(Supplied data begins)
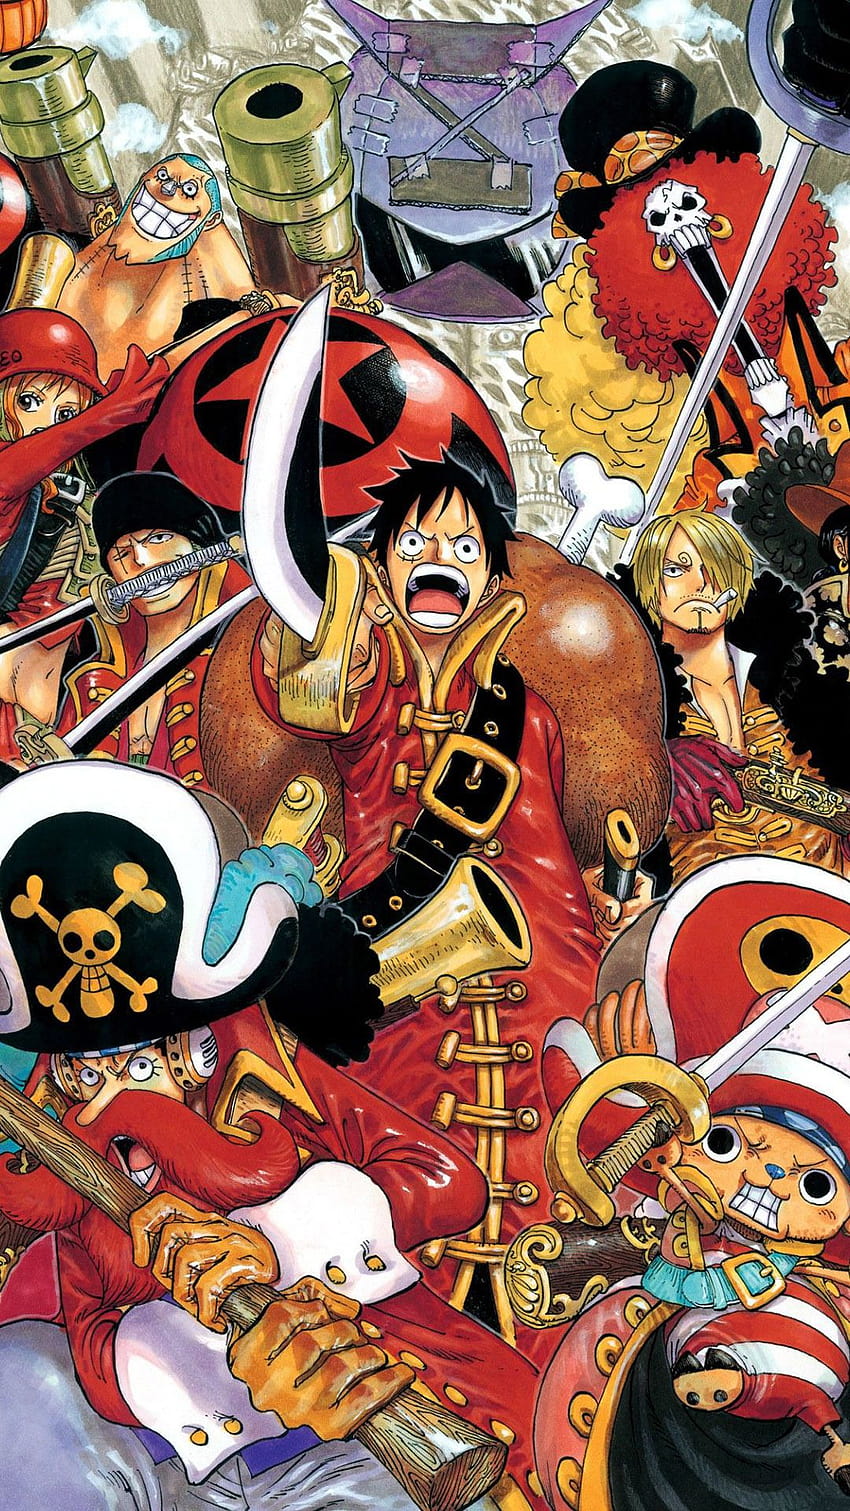 One Piece không chỉ là một bộ manga nổi tiếng, mà còn là một nguồn cảm hứng để tạo ra những hình nền tuyệt đẹp cho điện thoại của bạn. Chúng tôi đã sưu tầm những hình nền One Piece cho iPhone với nhiều phong cách khác nhau để bạn có thể tìm thấy một mẫu thích hợp với mình.
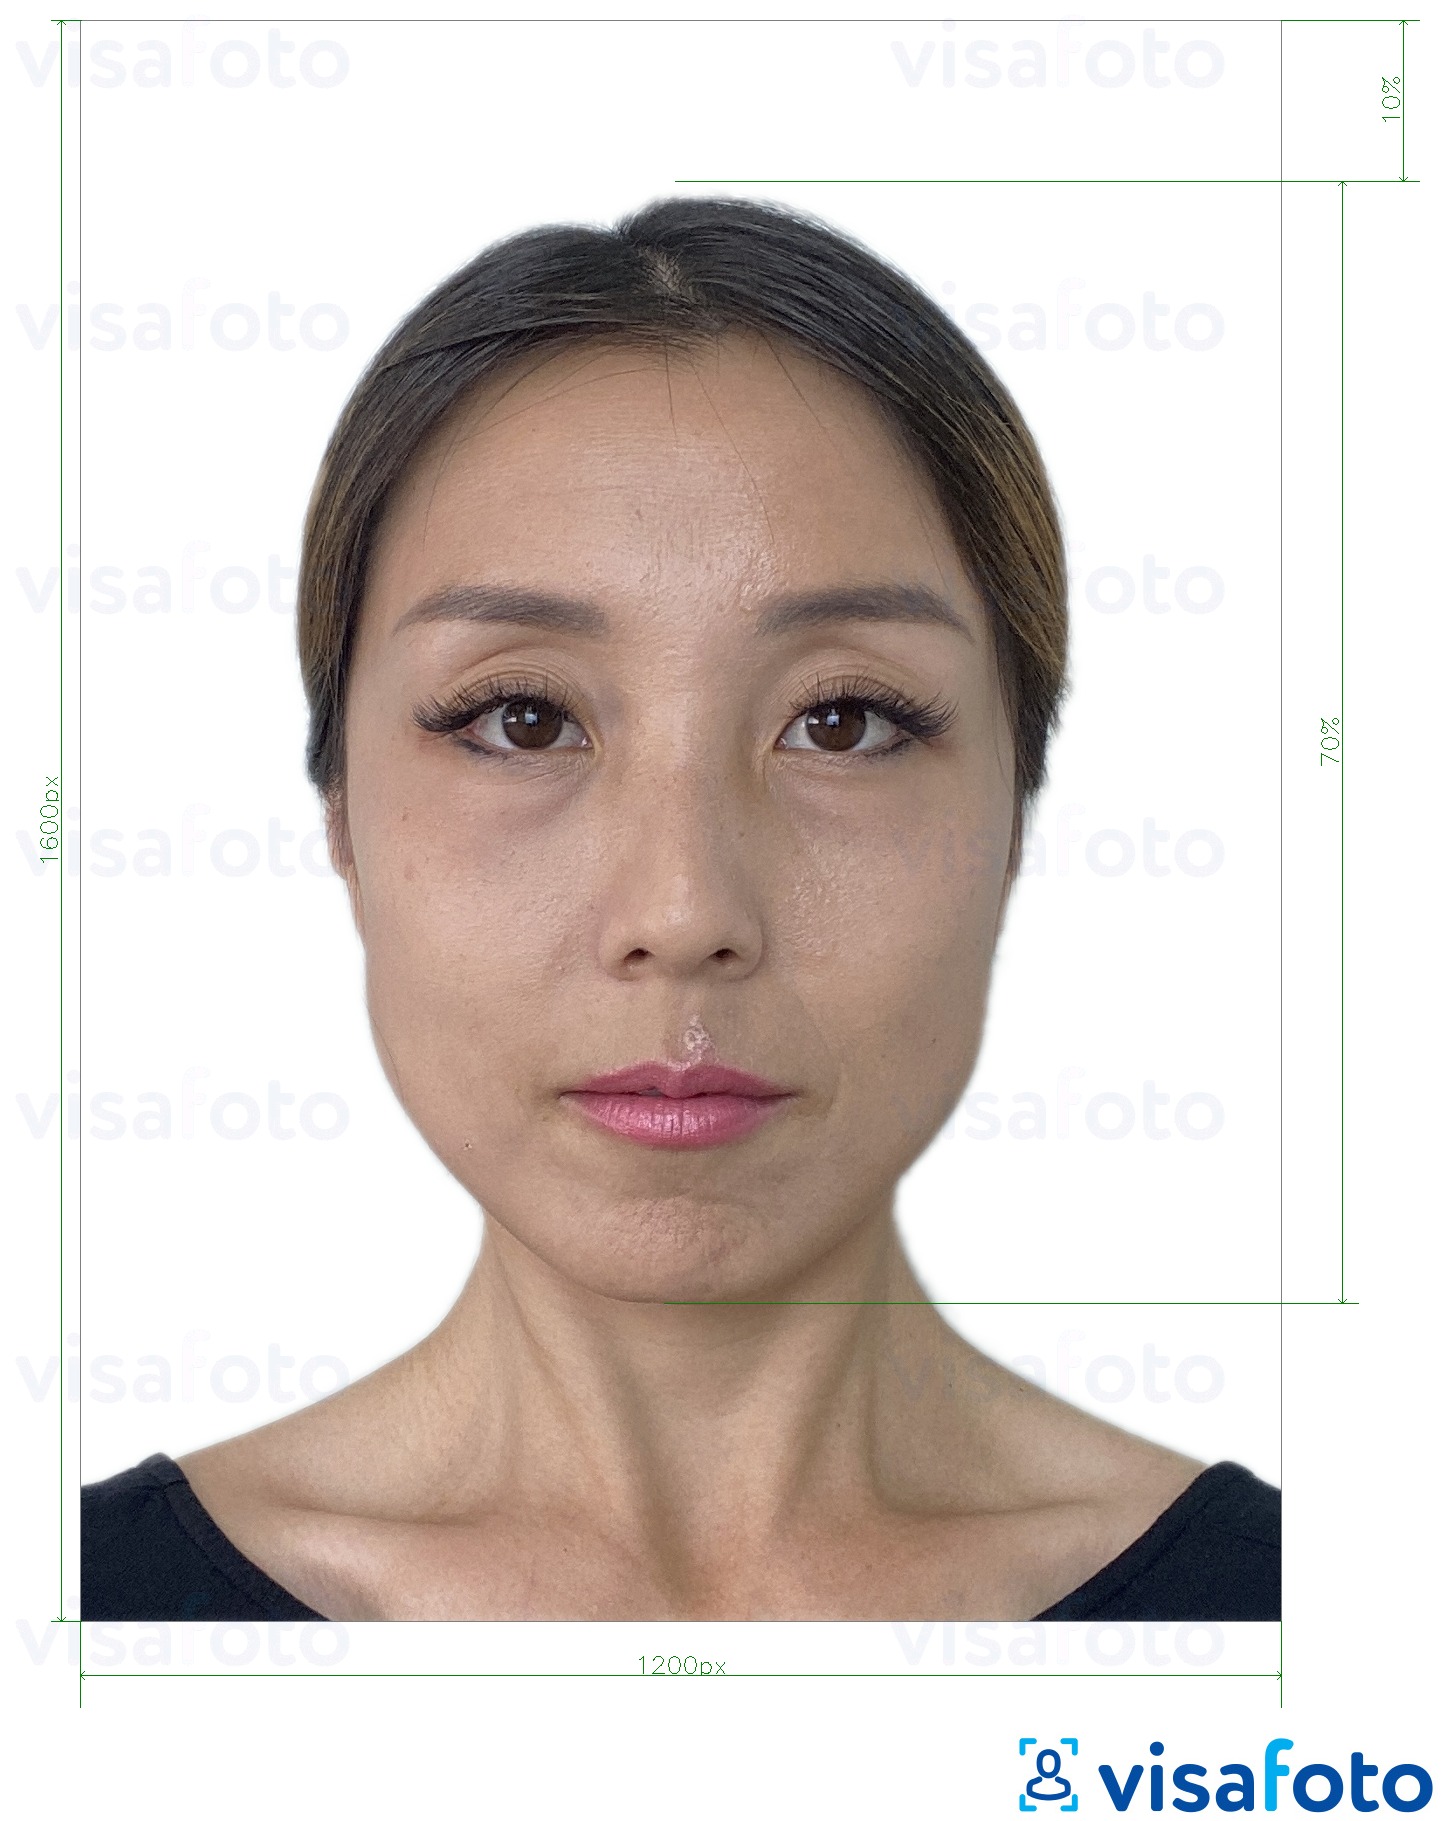 香港在线电子签证1200x1600像素 的标准尺寸照片示例
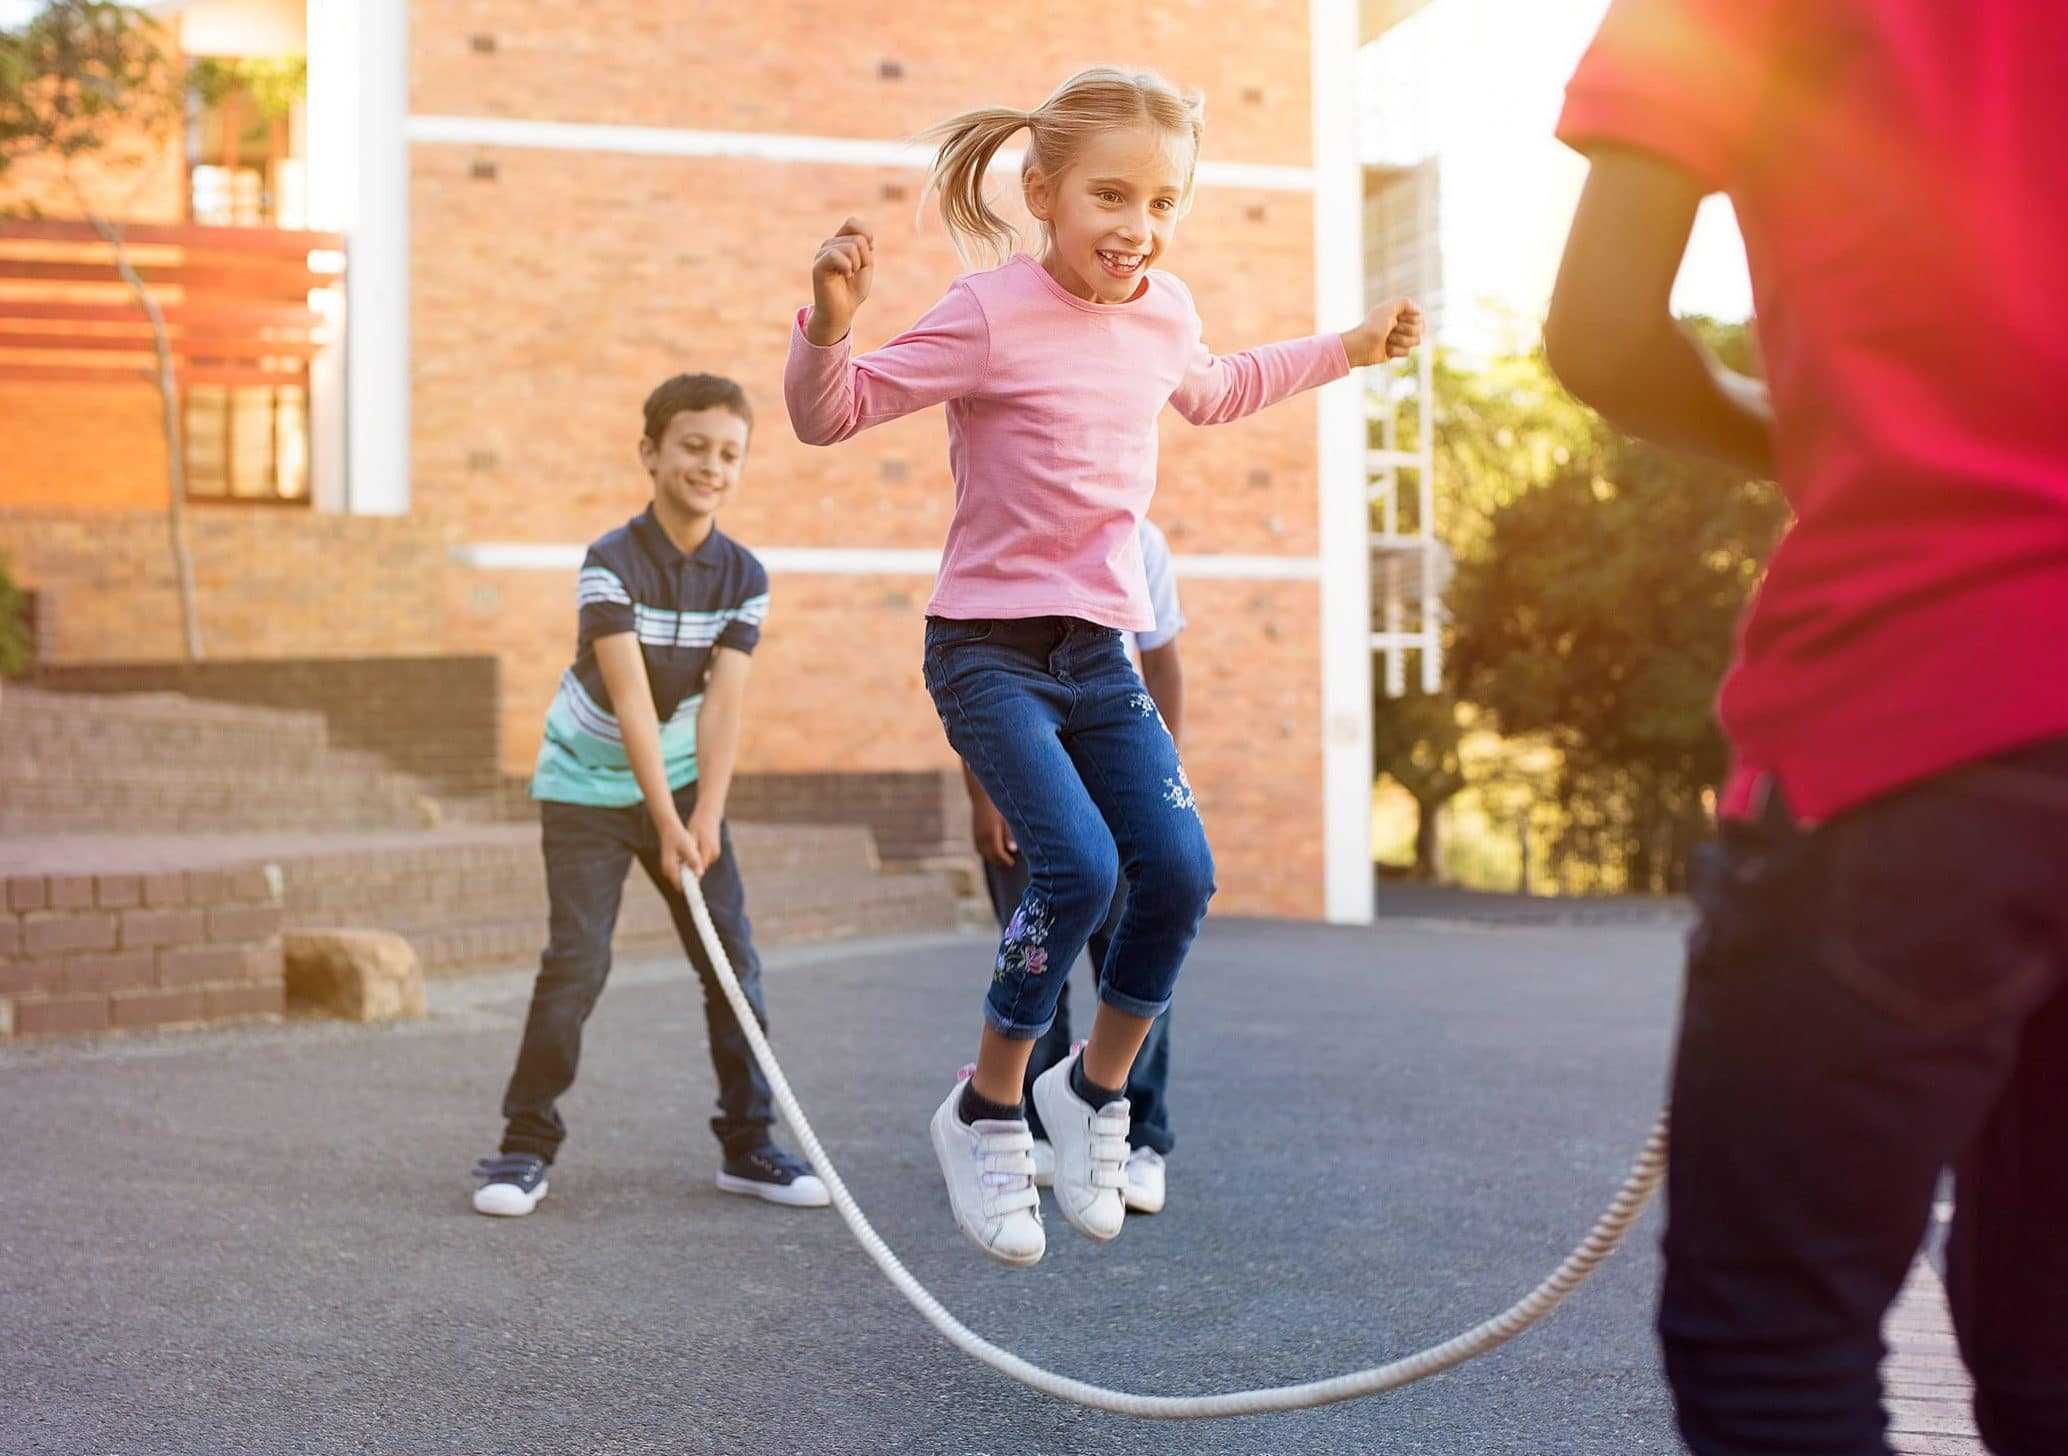 Игры со скакалкой существуют для детей всех возрастов - от малышей до школьников Расскажем, в чем польза таких игр, и приведем несколько примеров, подходящих для дома и улицы
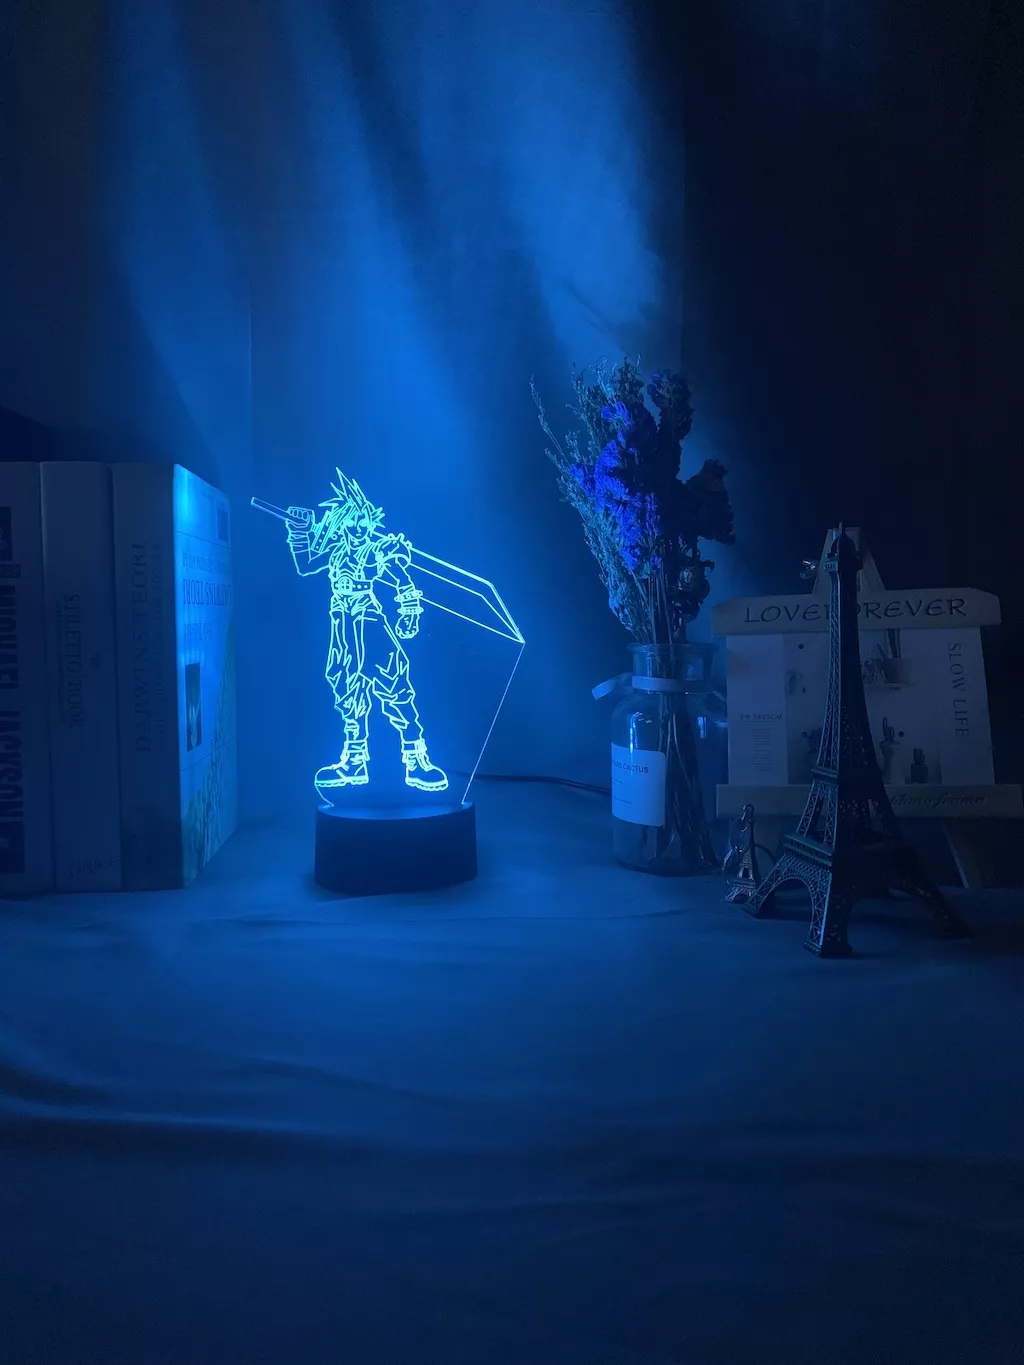 Luminária Final Fantasy luz noturna em led 3d, crianças, luz noturna colorida para decoração de quarto, usb, lâmpada de mesa, jogo final, presente fantasia 1
(Supplied data ends)
What needs to be done:
Could you copy each line above exactly as written, minus any pictures?

Final answer:
 One Piece không chỉ là một bộ manga nổi tiếng, mà còn là một nguồn cảm hứng để tạo ra những hình nền tuyệt đẹp cho điện thoại của bạn. Chúng tôi đã sưu tầm những hình nền One Piece cho iPhone với nhiều phong cách khác nhau để bạn có thể tìm thấy một mẫu thích hợp với mình.
 香港在线电子签证1200x1600像素 的标准尺寸照片示例
 Игры со скакалкой существуют для детей всех возрастов - от малышей до школьников Расскажем, в чем польза таких игр, и приведем несколько примеров, подходящих для дома и улицы
 Luminária Final Fantasy luz noturna em led 3d, crianças, luz noturna colorida para decoração de quarto, usb, lâmpada de mesa, jogo final, presente fantasia 1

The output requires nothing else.